Practices to Help Find Your Purpose

There’s a saying that “those who love what they do never work a day in their lives.” A lucky few people know even as children what they want to do and accomplish in their lives. For the rest of us, it takes longer — sometimes a lot longer.

Yet, it’s very important — for your happiness, career success, and even physical health — that you do follow your passion or contribute to the greater good in a way that makes you feel fulfilled.

So, what do you do if you’ve gotten all the way to graduation, maybe even taken your first job just because it was available, but still haven’t really found what you “love to do?” The following exercises may help you discover your true purpose in life.

Envision Your Ideal World

Now think about what needs to be changed in the real world to bring it closer to your vision. Can you help make that change? What skills do you have (or can acquire through entry level jobs) that would be useful in this sort of work?

Express Your Deepest Values

What causes or missions mean the most to you? Possible answers could range from protecting the environment to improving the human condition to spreading joy through your art.

Identify What You’re Good at

You may already know this instinctively, or have seen what subjects you got the best grades in at school. If you’re not sure, it’s time to consult with people who know you well: family, friends, teachers and other mentors. Ask them what they think you do really well, your character strengths, what you most enjoy doing, and what you’ll be known for in the future.

Try Different Things

There’s absolutely no need to follow one career path your whole life. But, the earlier you can find your best path, the better. Plus, when you’re starting out is the easiest time to explore your options.

Some ways to test drive possible careers include internships, temporary jobs and volunteer work. All of these are usually for a specific, limited period, so you can quickly move on to something else if you don’t like it as much as you thought you would. The important thing is not to be afraid to take risks.

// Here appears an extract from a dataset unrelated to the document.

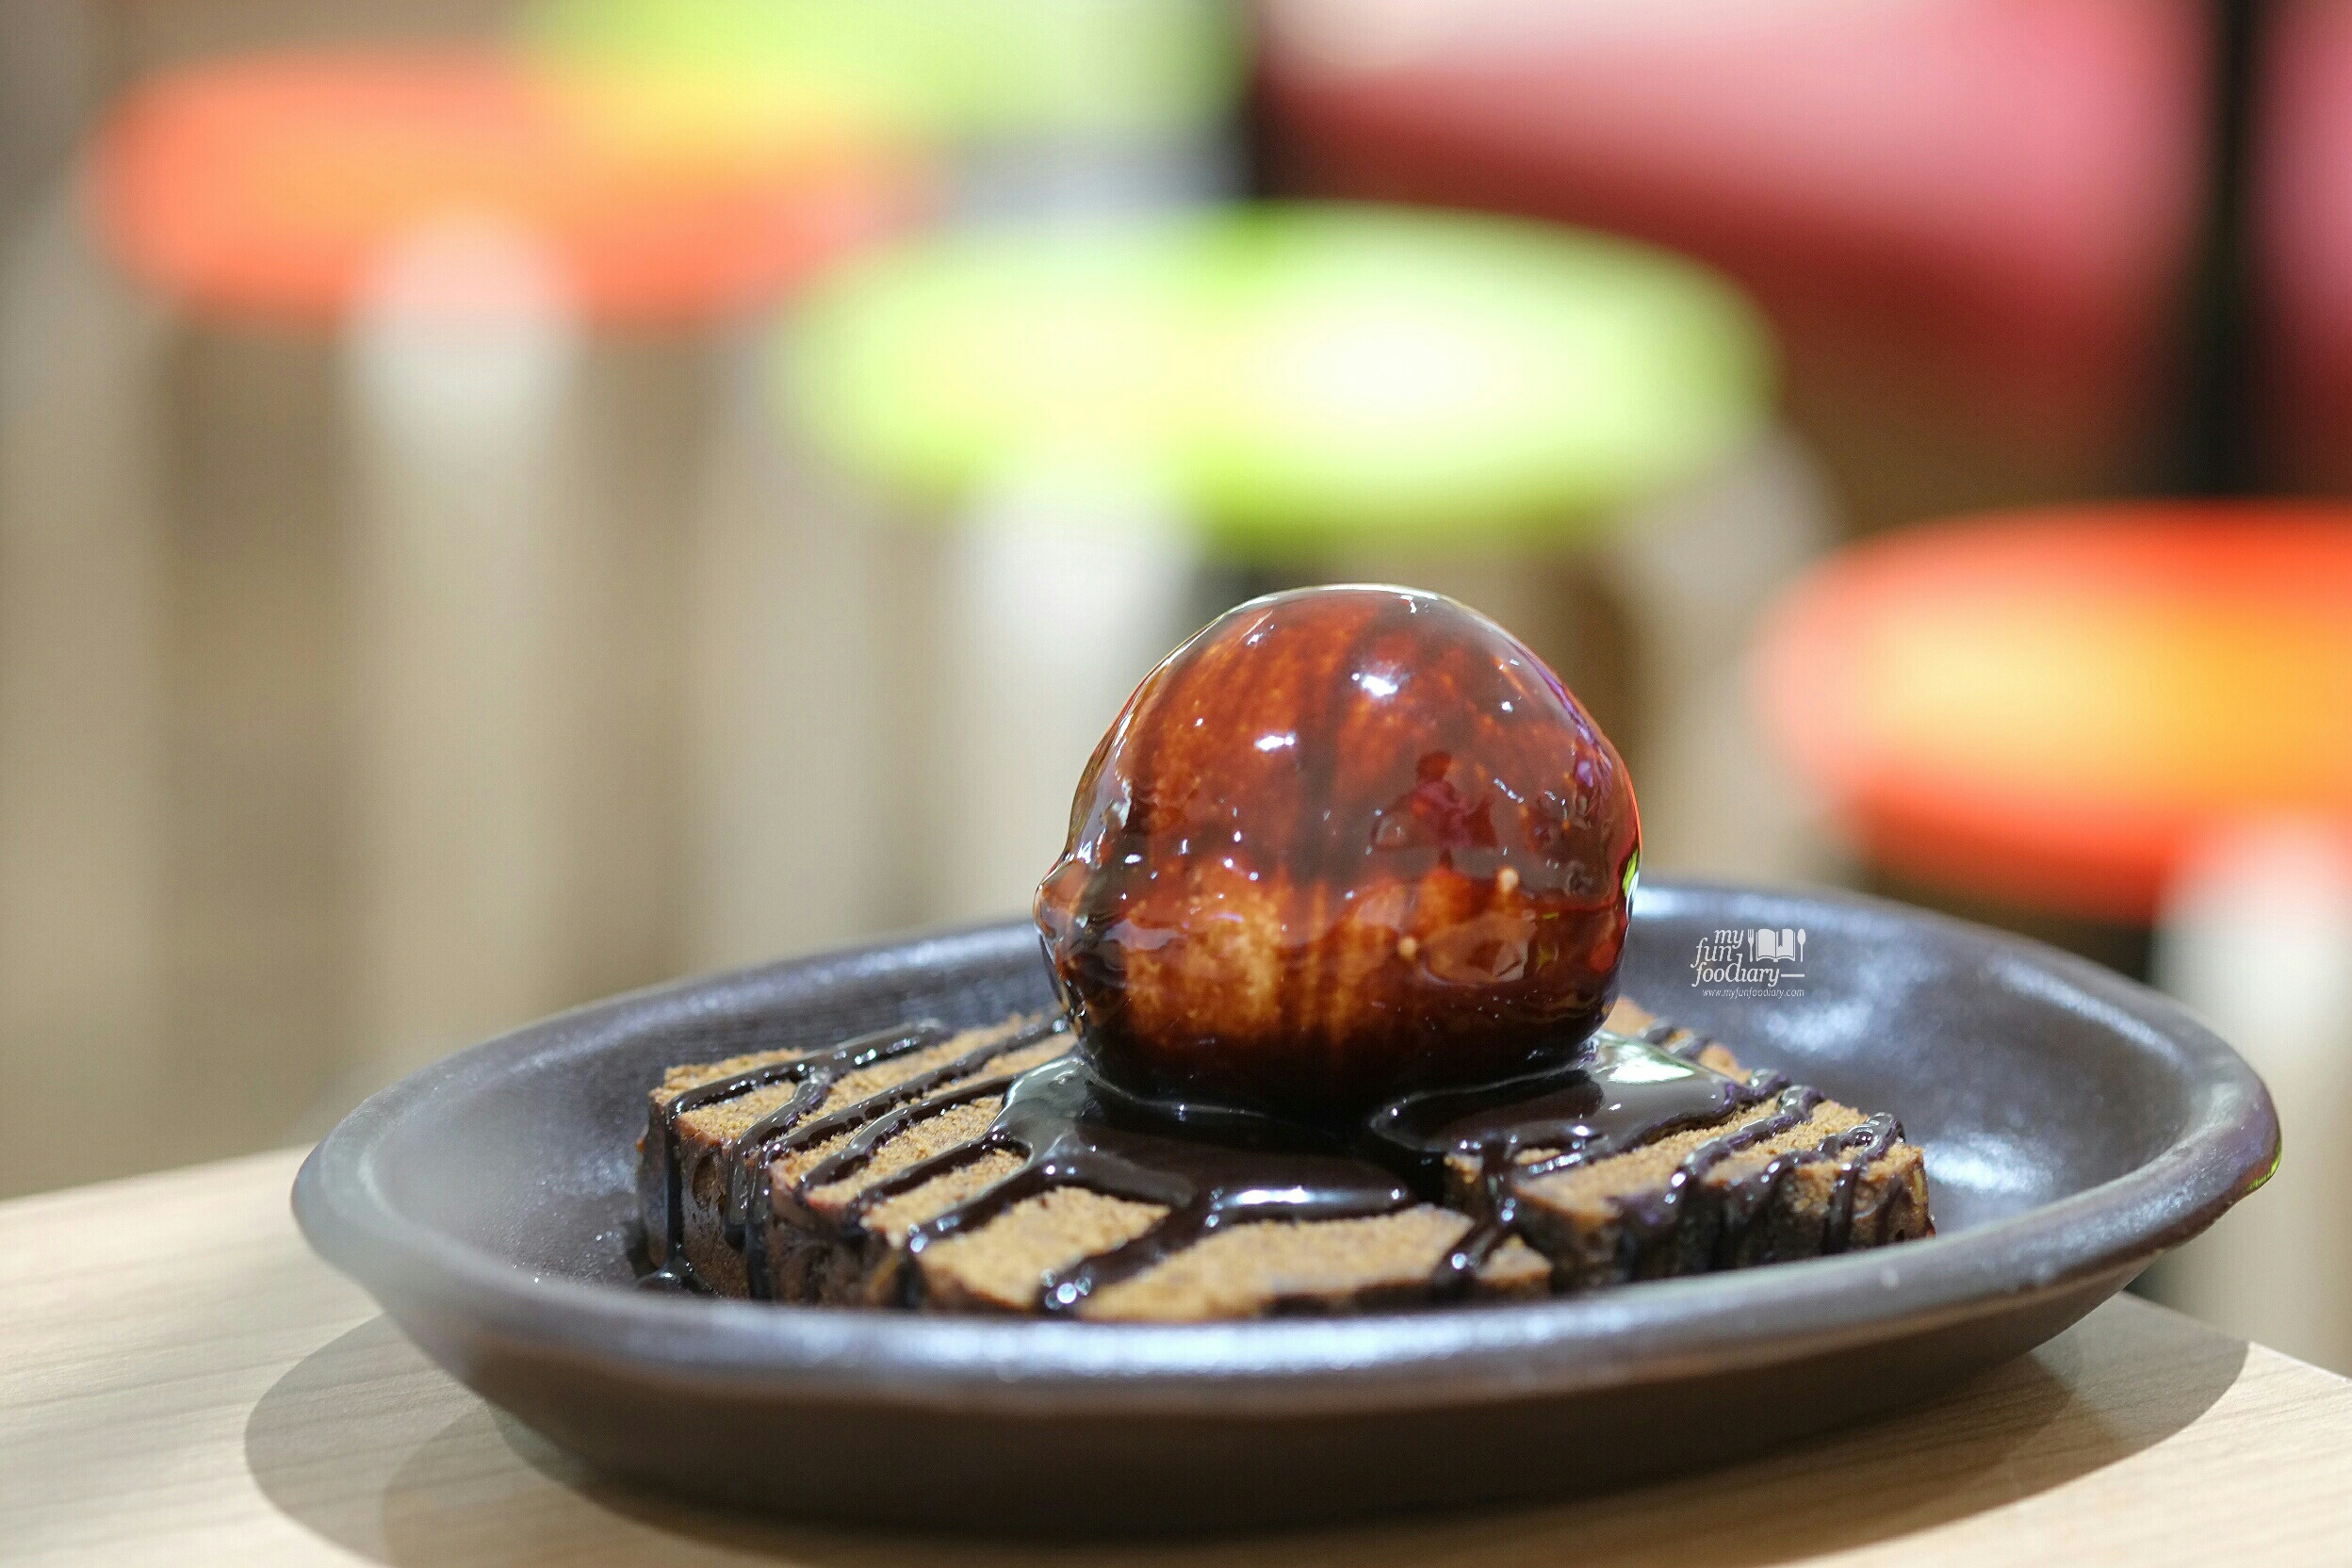 Choco Fondue Brownies at Aree Korean Dessert Cafe by Myfunfoodiary

Follow in the Footsteps of Those You Admire

Who do you most respect: a world leader in activism or the next-door neighbor who does good work in the community? The names that come to your mind first could indicate that their purpose in life is one that would work well for you, too.

Purpose is something that should be lived just as fully on the job as in your personal life. Once you’ve nailed down what’s most important to you, look for employers who share your concerns and ethics. Working as part of a larger team to be a force for good in the world can be one of the most satisfying, successful ways to achieve your purpose.